Or are we gonna separate them with sashing. Sashing is, is this stuff here? How are we gonna set those blocks? A great way to, to play with this is to actually lay them out on a flat surface like your floor and play with their positioning. Unfortunately, you could play with their positioning forever.

So you need to get to a point somewhat quickly as to, you know, this is how I'm going to do it. You can also just take squares, small squares that represent those blocks and play with them on a piece of paper or on a tabletop or whatever and play with different ways of positioning them. Now, this quilt that we've referred to before is filled with tons of different stars and the stars are in two different sizes, the finished square. So we have a finished square that is 12 inches and a finished square that is half of its size, which is six inches. The reason I did that is to add more visual interest because a variety in size adds visual interest.

I also did it because it's more fun. I don't get as bored as easily. I use lots of different stars, but I repeated them. When you're doing design work on your own, you wanna consider the three basic pillars or pinnacles of good design and that is balance, unity and variety. Balance simply means that the things that are on the surface of the quilt are in places that make everything look good.

No one area is heavy and feels like it's gonna fall off the surface. No one area is dead. There's nothing happening and you don't, your eye doesn't even go there 'cause it's so boring. Unity means that everything that's there looks as though it belongs. It looks as though it's part of the story that's being told on the surface.

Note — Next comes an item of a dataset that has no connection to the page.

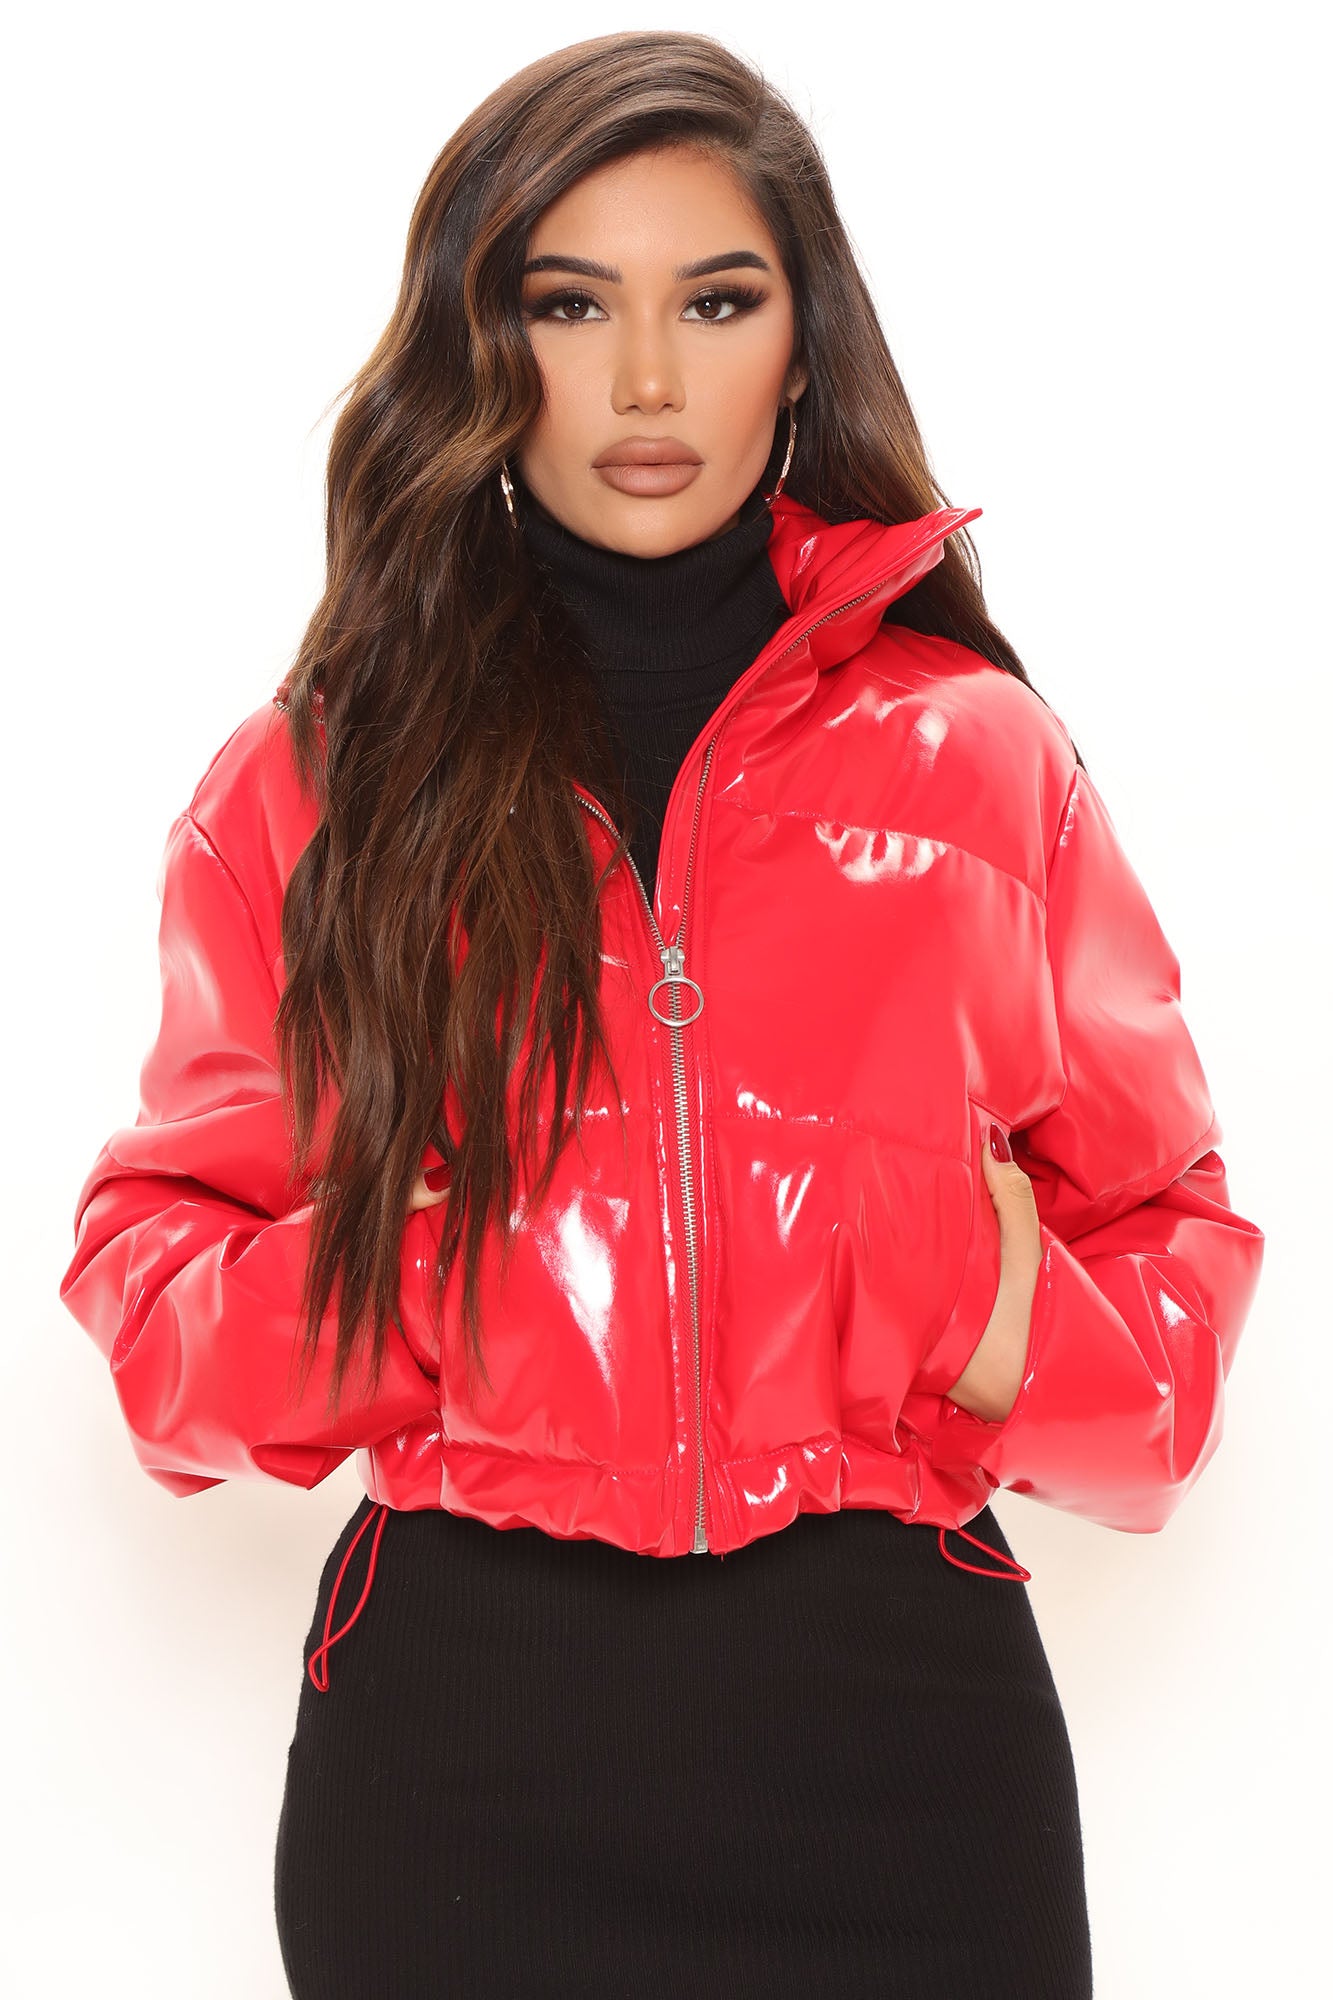 Women's Vixen Faux Leather Puffer Jacket in Red Size Small by Fashion Nova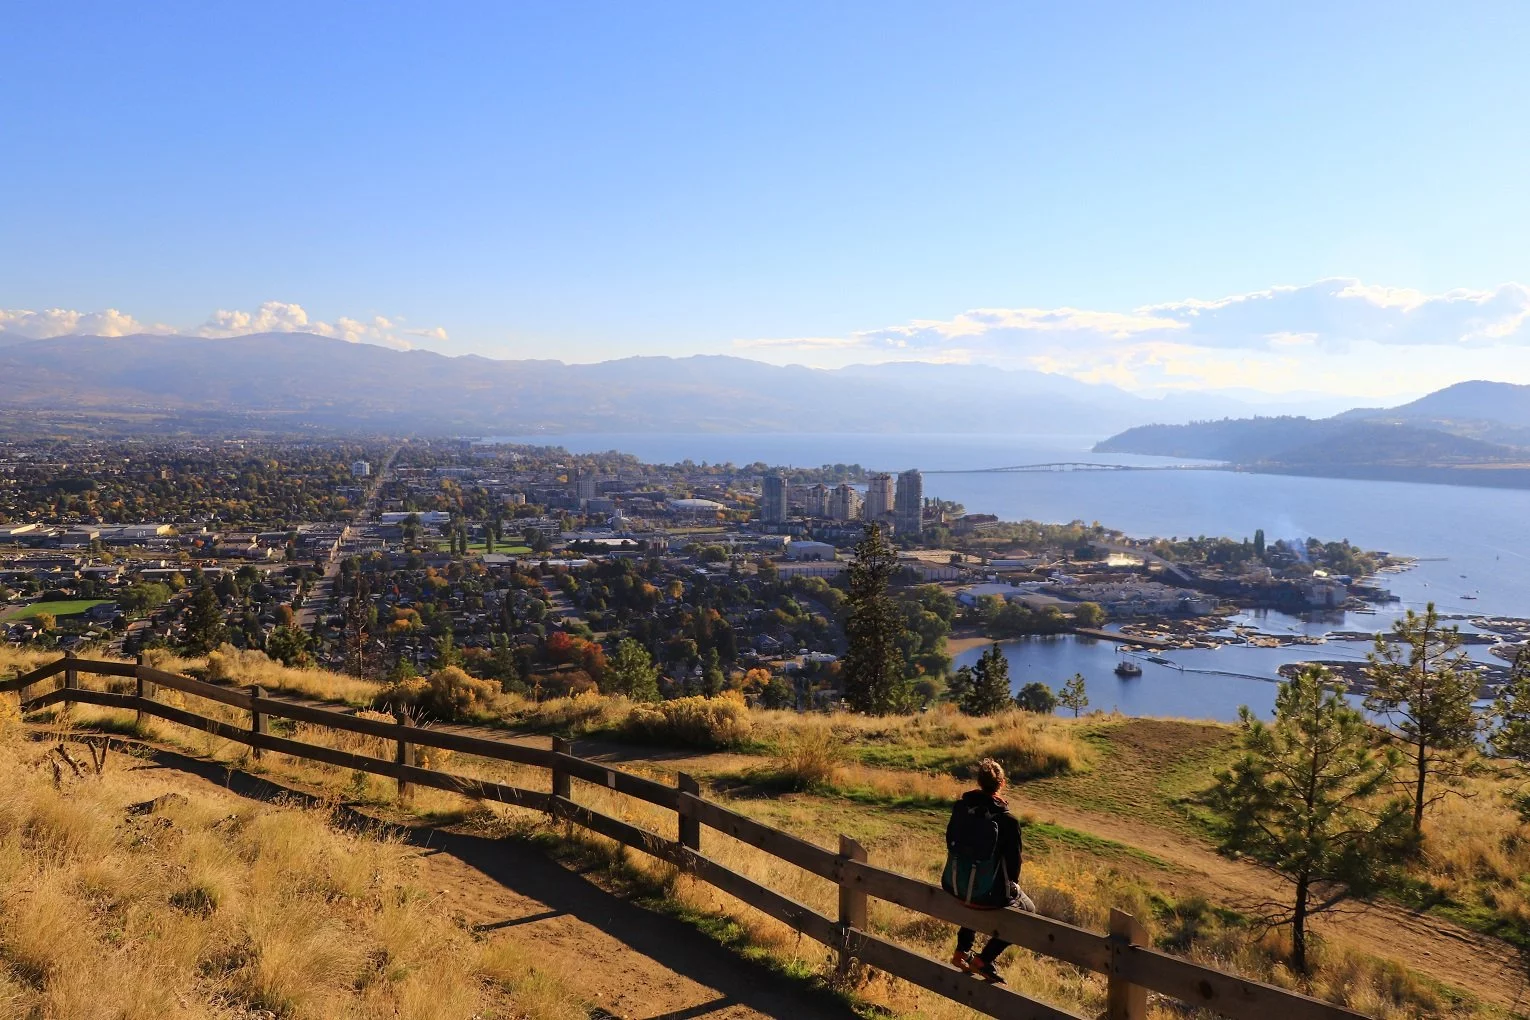 Knox Mountain Apex trail overlooking City of Kelowna travelling Kelowna on a budget

And then we have variety and variety is very important and variety is kind of the opposite of unity. But the two work together hand in hand. Variety happens when we change the style, we change the size. We change the fabric, but those things also bring about unity too. So if we're talking about this quilt, one of the things that's happening in this quilt is that all of the colors are duller than the pure hue.

They're all tones and shades. They're also old fashioned looking fabrics. They're reproduction type fabrics. So that brings unity. However, we've got differences in scale, meaning here we've got large leaves and here we have tiny leaves.

That's the scale or the size of the prints. We've got differences in the type of prints. Here, we've got a plaid. Here, we've got a type of polka dot. Here, we've got a type of fleur de lis and those, all of those things add variety to it.

So when I decided to do the two different sizes of blocks, I knew I needed to make sure that one block easily divided into the other block evenly. So I know that if I have a 12 inch block that I can put two six inch blocks next to it and have the same width. If I were to put four next to it, it would be just like having another 12 inch block. If I did one, two, three, four. So I know that that's gonna work together easily, mathematically and that I can probably sew this together in long rows so that I make strip units and then those strip units can be sewn to each other.

However, when you look at this, you're gonna see some offset rows too. And that again, adds visual interest. If we follow this row here all the way across, we can find the blocks very easily. It's a 12 inch block and a 12 inch block and a 12 inch block, two six inch blocks, a 12 inch block, two six inch blocks. We go up to the next row, though, we run into an issue.

Here we have two six inch blocks, a 12 inch, a 12 inch. Oh, two six inch blocks down here and half of a 12 inch block here and a 12 inch block and two six inch blocks. So the other half is over here. It's flipped to the other side. It's simply means that I sewed a wider strip unit together, rather than just one strip unit so that I could offset that block in there.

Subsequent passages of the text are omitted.